### What to work on
Leave the pictures out and transcribe every record exactly.

### Records from a collection
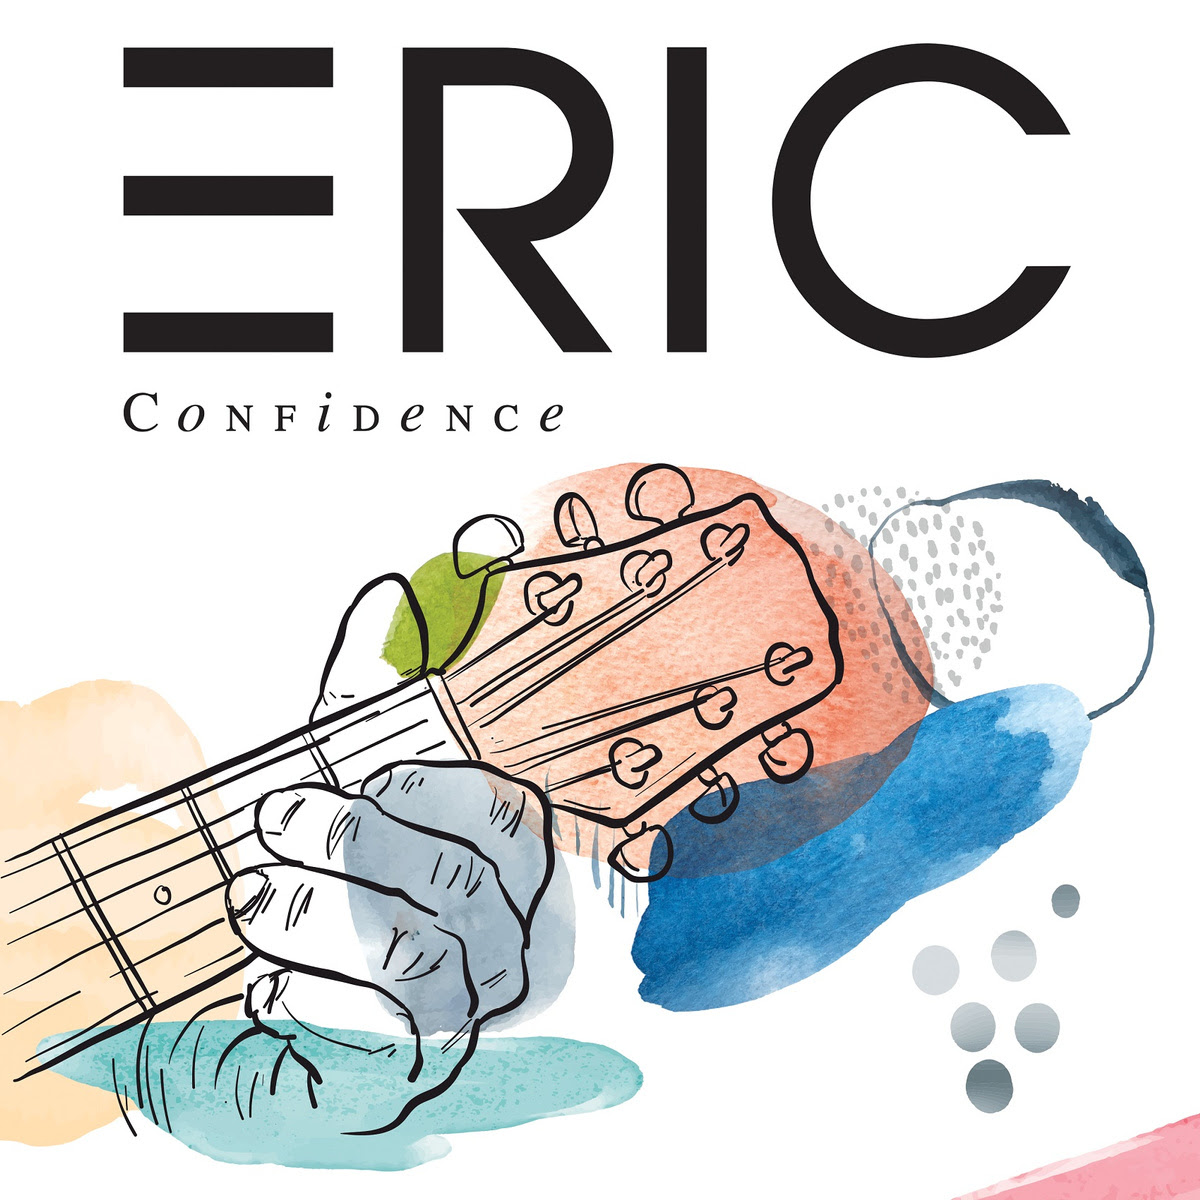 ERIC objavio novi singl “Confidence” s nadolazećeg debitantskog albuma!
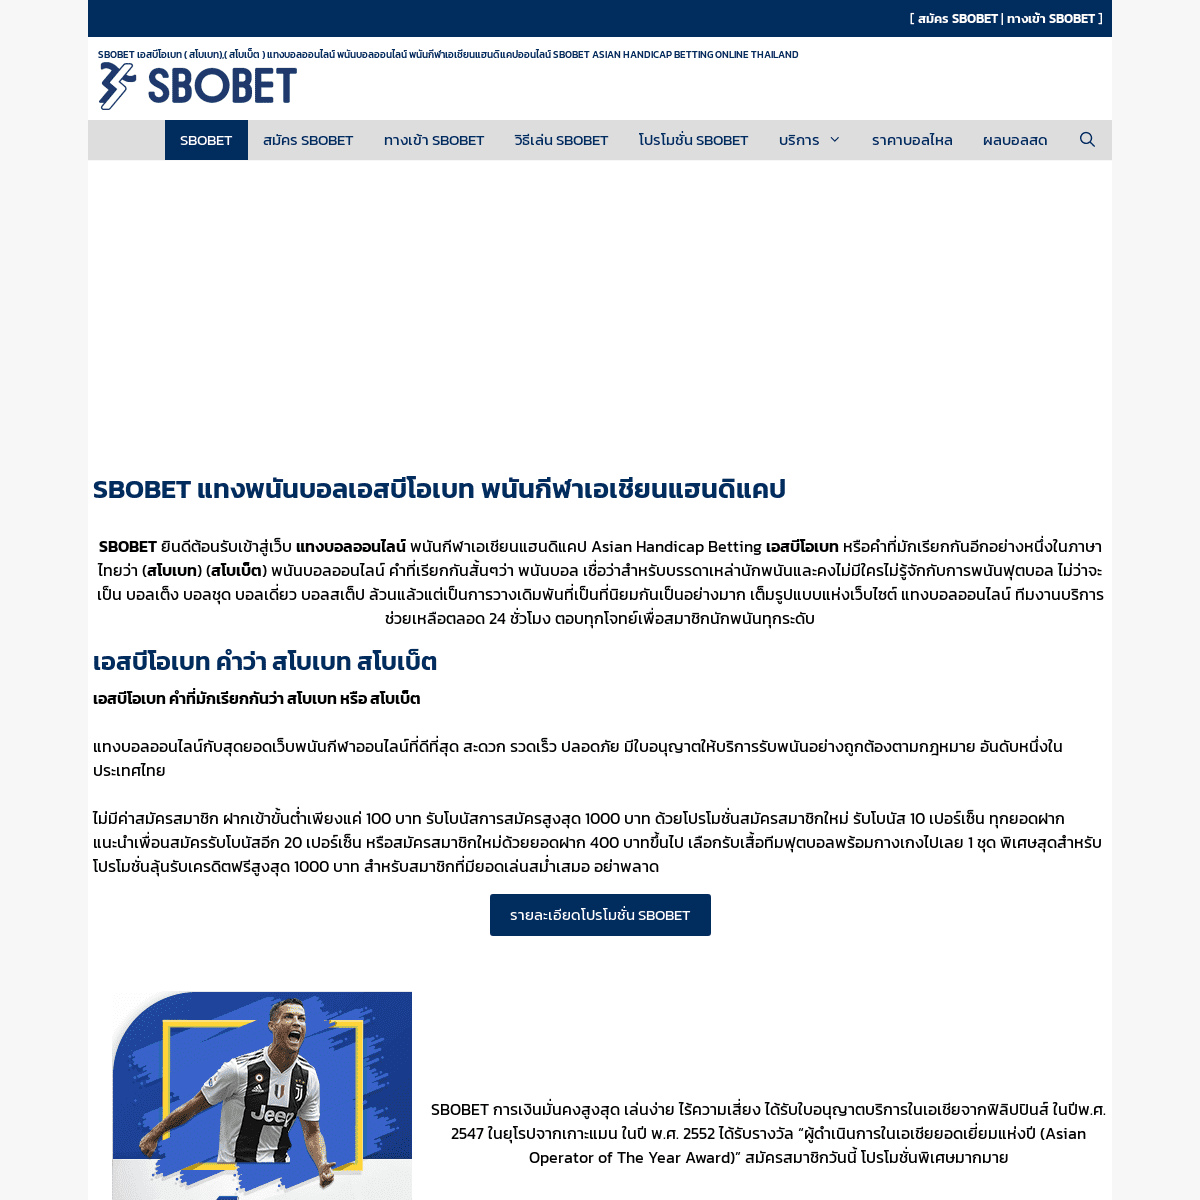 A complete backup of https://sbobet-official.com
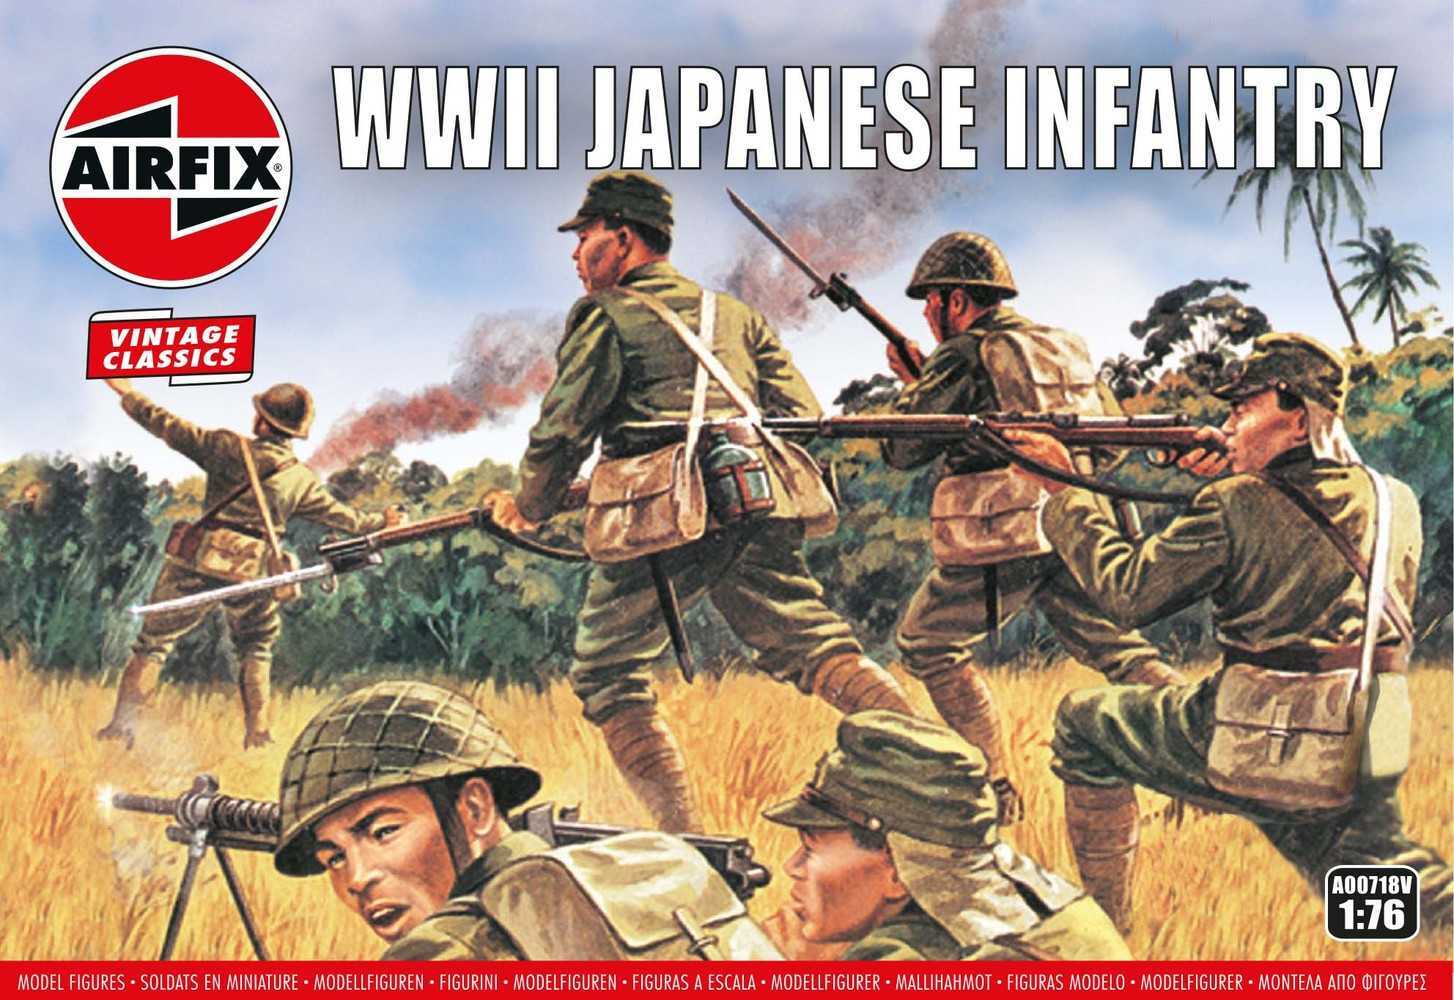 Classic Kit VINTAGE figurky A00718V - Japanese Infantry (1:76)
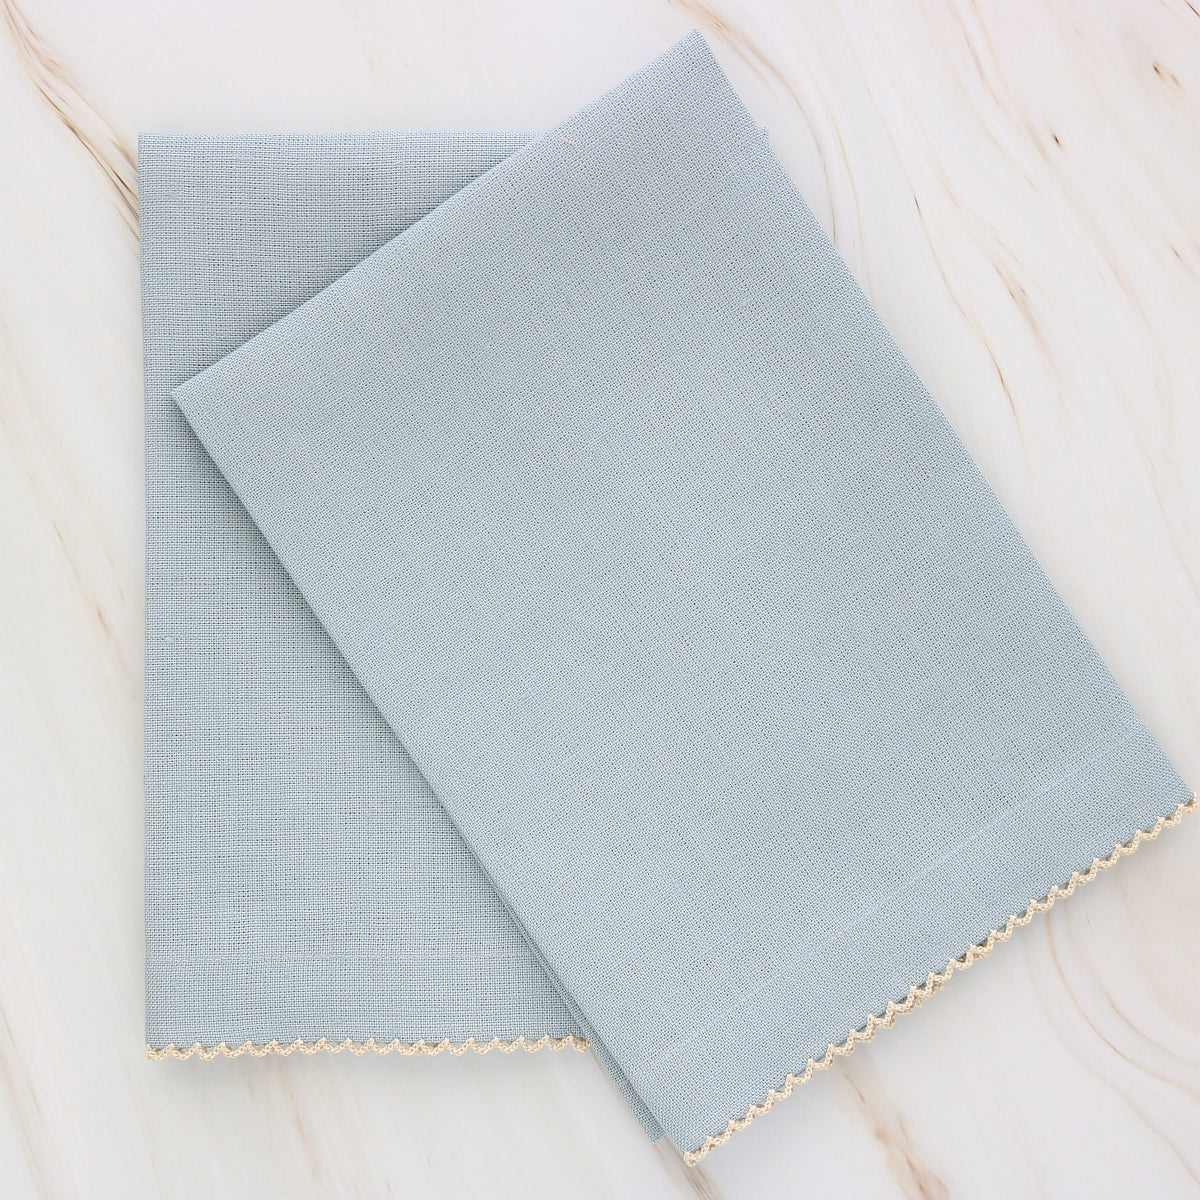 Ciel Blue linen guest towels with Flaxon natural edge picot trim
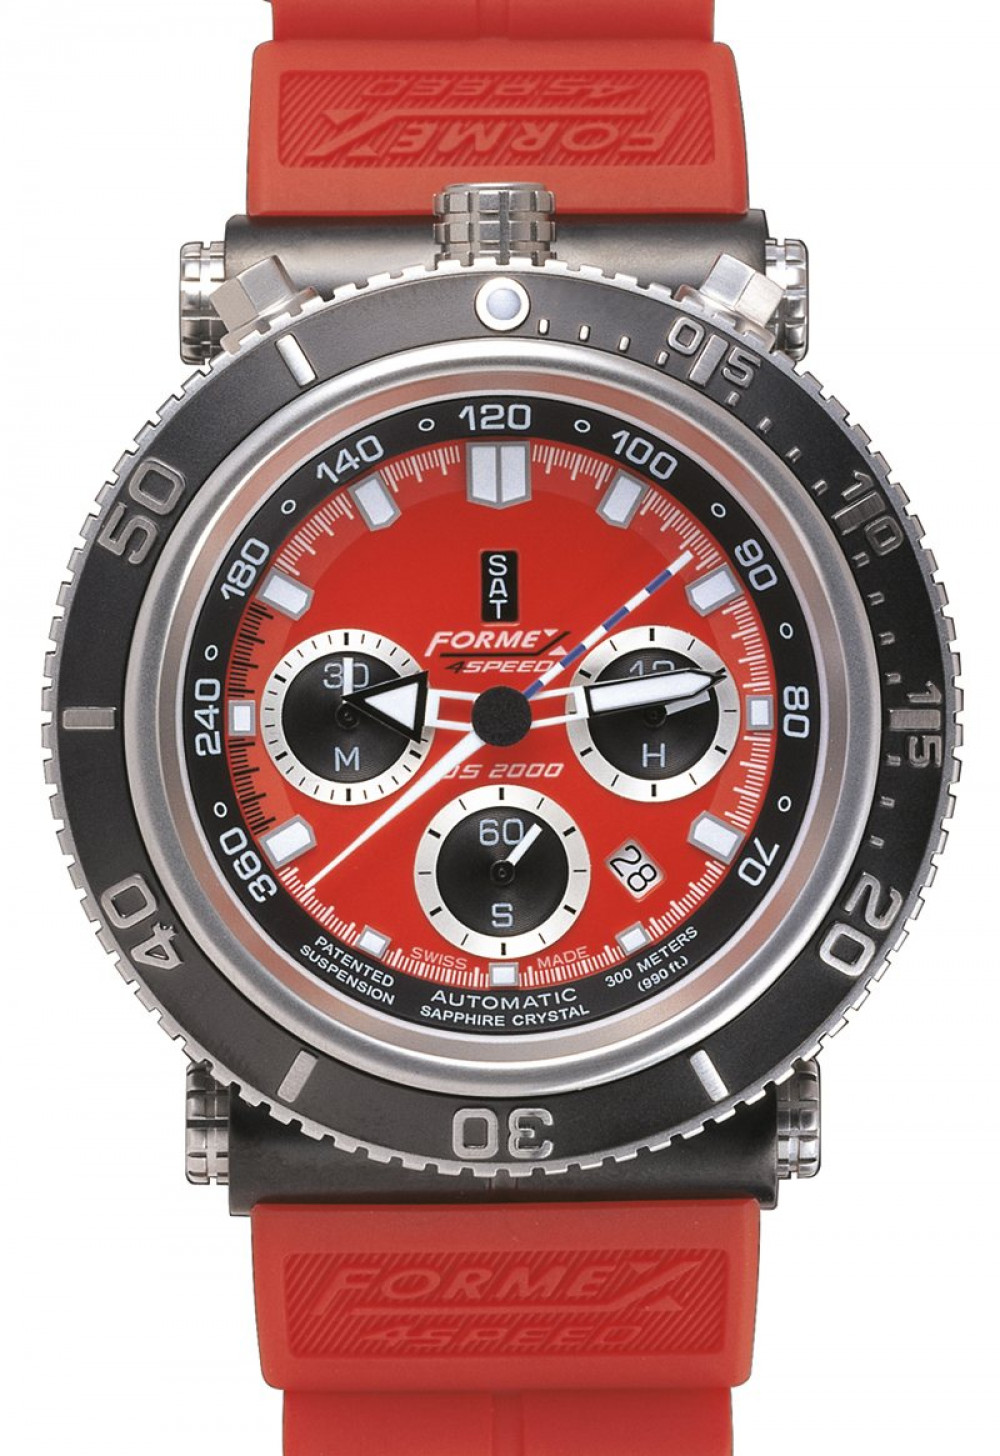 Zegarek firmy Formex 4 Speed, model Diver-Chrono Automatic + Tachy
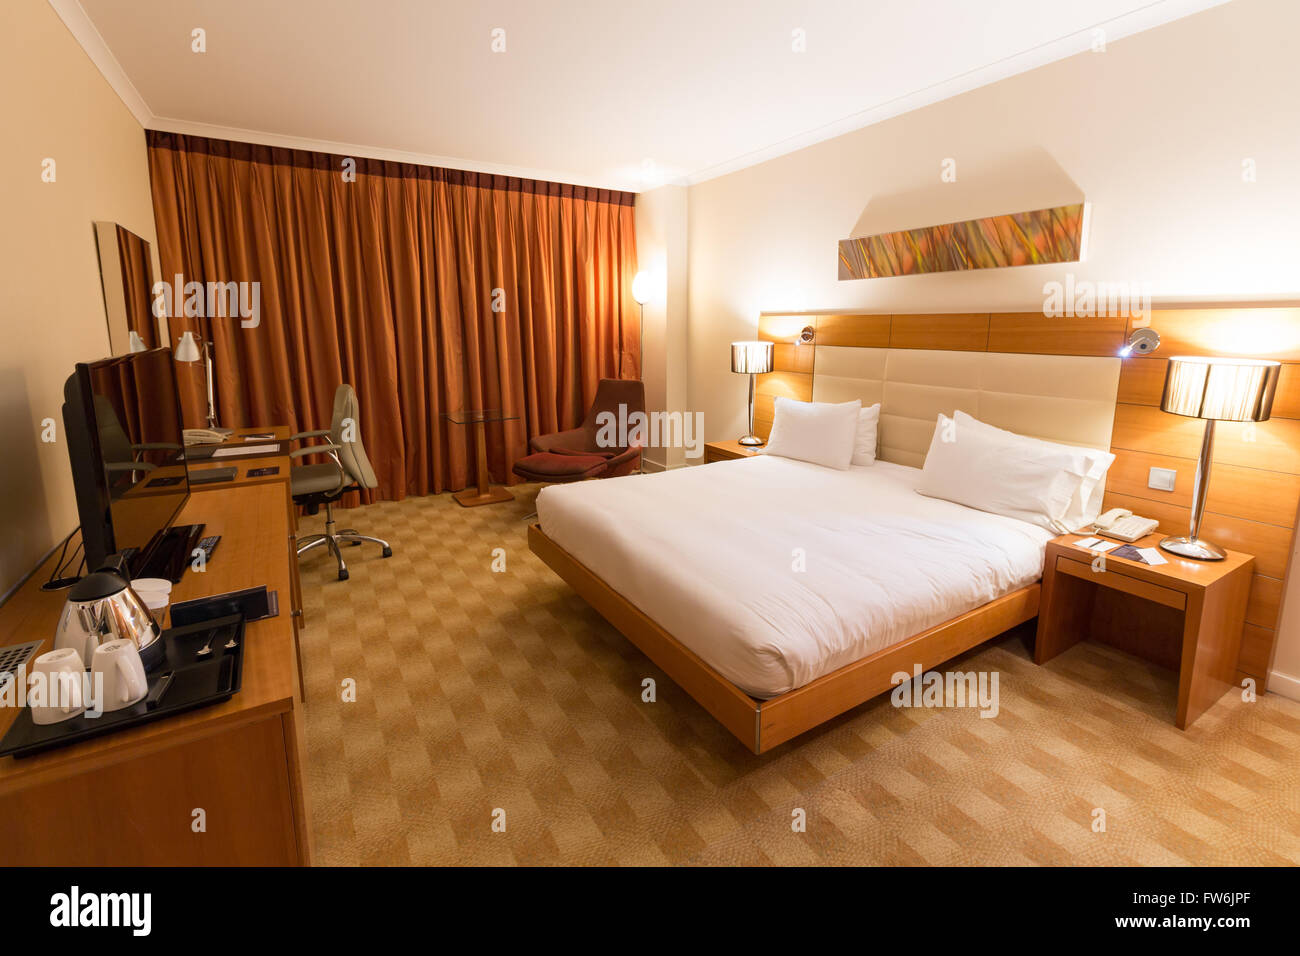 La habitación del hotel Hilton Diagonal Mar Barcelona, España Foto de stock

### The answer
 ERIC objavio novi singl “Confidence” s nadolazećeg debitantskog albuma!
 A complete backup of https://sbobet-official.com
 Classic Kit VINTAGE figurky A00718V - Japanese Infantry (1:76)
 Ciel Blue linen guest towels with Flaxon natural edge picot trim
 Zegarek firmy Formex 4 Speed, model Diver-Chrono Automatic + Tachy
 La habitación del hotel Hilton Diagonal Mar Barcelona, España Foto de stock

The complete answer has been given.